"Dari kegelapan gua, ada kehidupan yang penting."
Demikian diungkapkan Yayuk R Suhardjono, pakar biospeleologi Lembaga Ilmu Pengetahuan Indonesia (LIPI) dalam pemaparan keanekaragaman fauna gua di Institut Pertanian Bogor Dramaga, Ciampea, Bogor (18/9).
Namun, di Indonesia bidang biospeleologi baru mengeksplorasi fauna. Potensi mikroba (jasad renik) sama sekali belum tersentuh. "Mikrobiologi gua tantangan buat kalian, generasi muda," ujar Yayuk kepada para mahasiswa pecinta alam berbagai universitas yang mengikuti seminar.
Keunikan ekosistem gua, yang berbeda dari ekosistem lainnya yang di atas tanah, membuat beragam fauna yang ditemukan di dalamnya pun sangat menarik. Selain unik secara morfologi, biodiversitas gua juga penting dikaji karena informasi mengenainya belum cukup banyak.
Tapi fauna gua amat rentan perubahan lingkungan. Sebagian besar fauna gua berukuran kecil bahkan mikro sehingga mudah terinjak. Padahal, perannya bisa jadi besar.
Fauna gua sensitif akan cahaya dan kebisingan. Pengambilan spesimen juga riskan, karena invertebrata gua memiliki tingkat endemisme tinggi dan populasi kecil dalam suatu sistem gua.
Pemadatan tanah mengurangi aerasi dan kemampuan organisme gua untuk menembus lapisan tanah, pendangkalan kolam gua, dan meningkatkan kekeruhan dan suspensi partikel.
"Biota itu bernilai tinggi sebagai indikator hayati keadaan lingkungan. Sebetulnya manfaat itu besar sekali. Kalau ditambang, nilainya hanya saat sekarang, tapi 100 tahun dari sekarang? Tidak mungkin. Sementara kehidupan ini berkelanjutan."

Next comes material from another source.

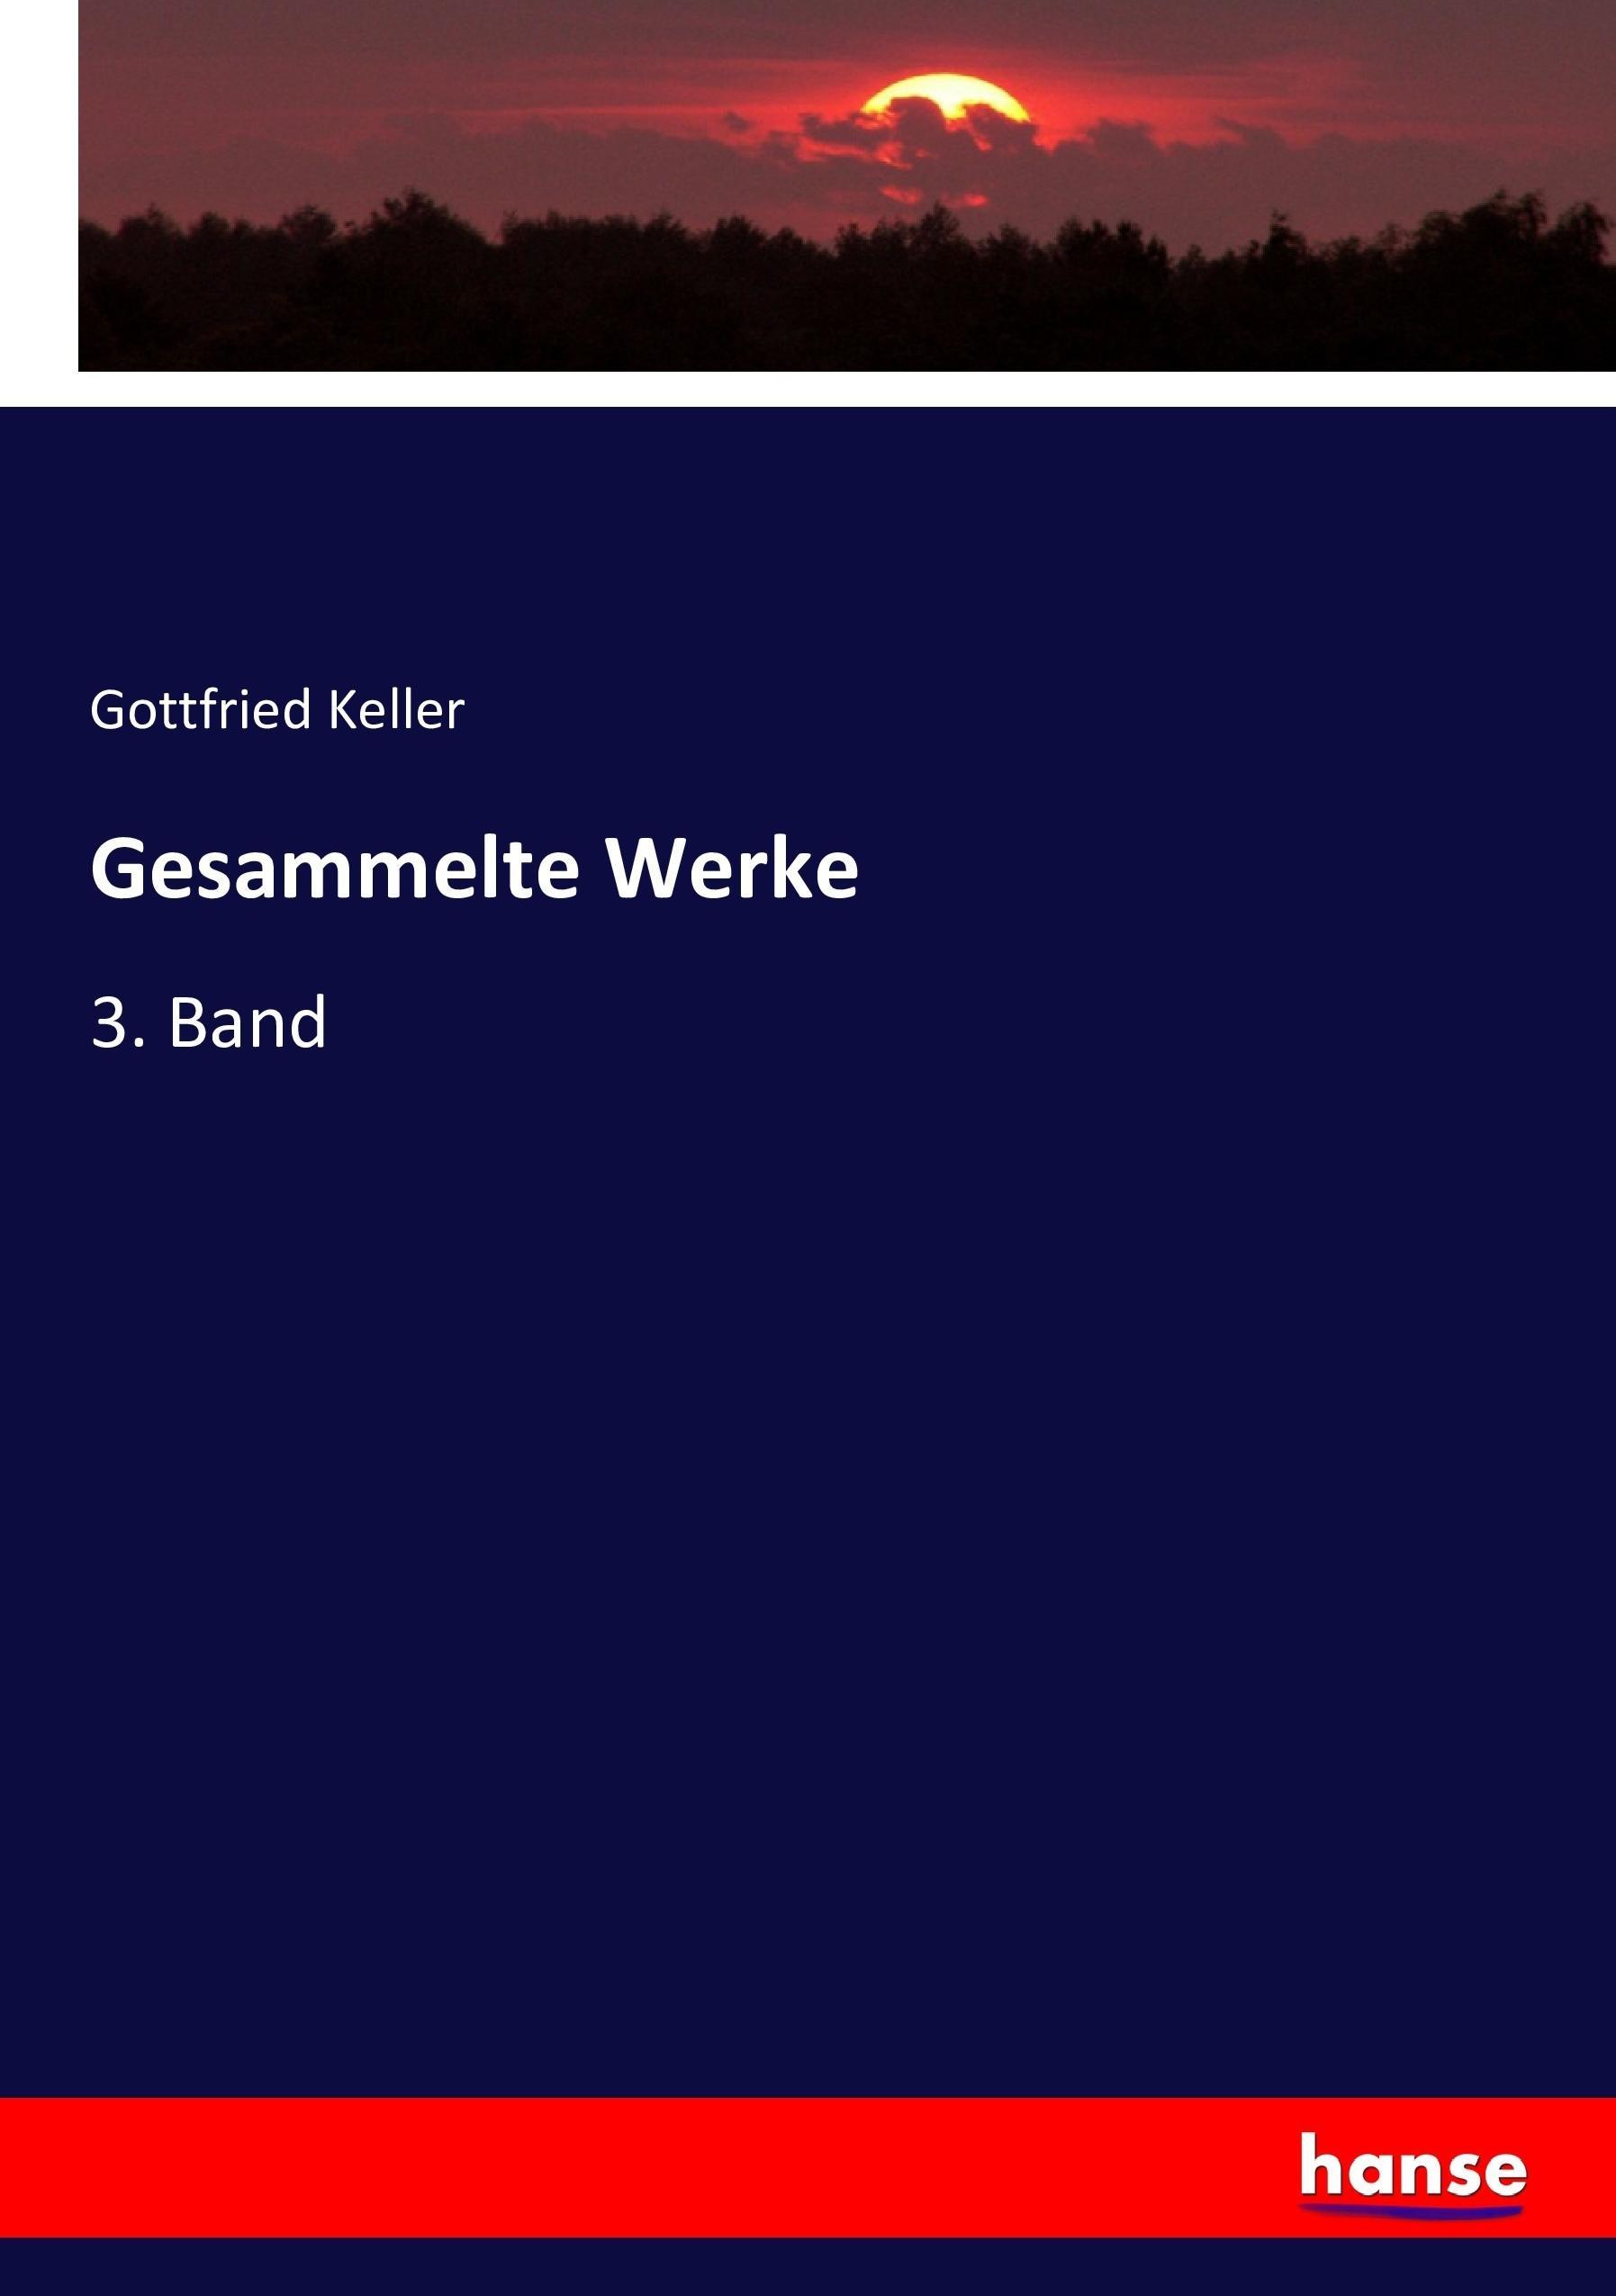 Gesammelte Werke - Keller, Gottfried

(Baca juga: Habis Karst Terbit Nestapa)
Daya dukung gua
"Kalau mau masuk gua ramai-ramai untuk observasi pemetaan biota gua, jalanlah pelan-pelan, perhatikan tiap genangan. Yang kelihatannya tenang, bisa mengandung banyak spesies. Itu kita harus telaten," terang Yayuk lagi.
Maka dalam urusan wisata gua, perlu pengelola memahami beberapa hal terkait daya dukung gua, seperti harus tahu berapa kapasitas (caring capacity) guanya dan menjaga keutuhan habitat —tak diusik. "Apabila gua yang sudah dimodifikasi, bagi kami orang [peneliti] biologi tidak masuk hitungan, karena sebagian besar biota sudah hilang," imbuhnya.
Arzyana Sunkar, pengajar di Departemen Konservasi Sumberdaya Hutan dan Ekowisata, Fakultas Kehutanan IPB mengatakan, untuk wisata gua yang benar, buatlah aturan mainnya agar wisata kawasan bentang alam karst tetap sejalan dengan perlindungan sumber daya.
Disebut ahli konservasi ini — hindari menciptakan perubahan sirkulasi udara di dalam gua; hindari merusak struktur ornamen gua dan formasi gua; pencahayaan sebaiknya memiliki spektrum emisi minimal (sekitar 440-650 nm) sehingga tidak dapat terserap oleh klorofil untuk menghindari pertumbuhan lampenflora (lumut, alga, pakis); kunjungan ke gua yang belum dikelola harus ditemani pemandu; dan monitoring kondisi mikroklimat gua perlu dilakukan.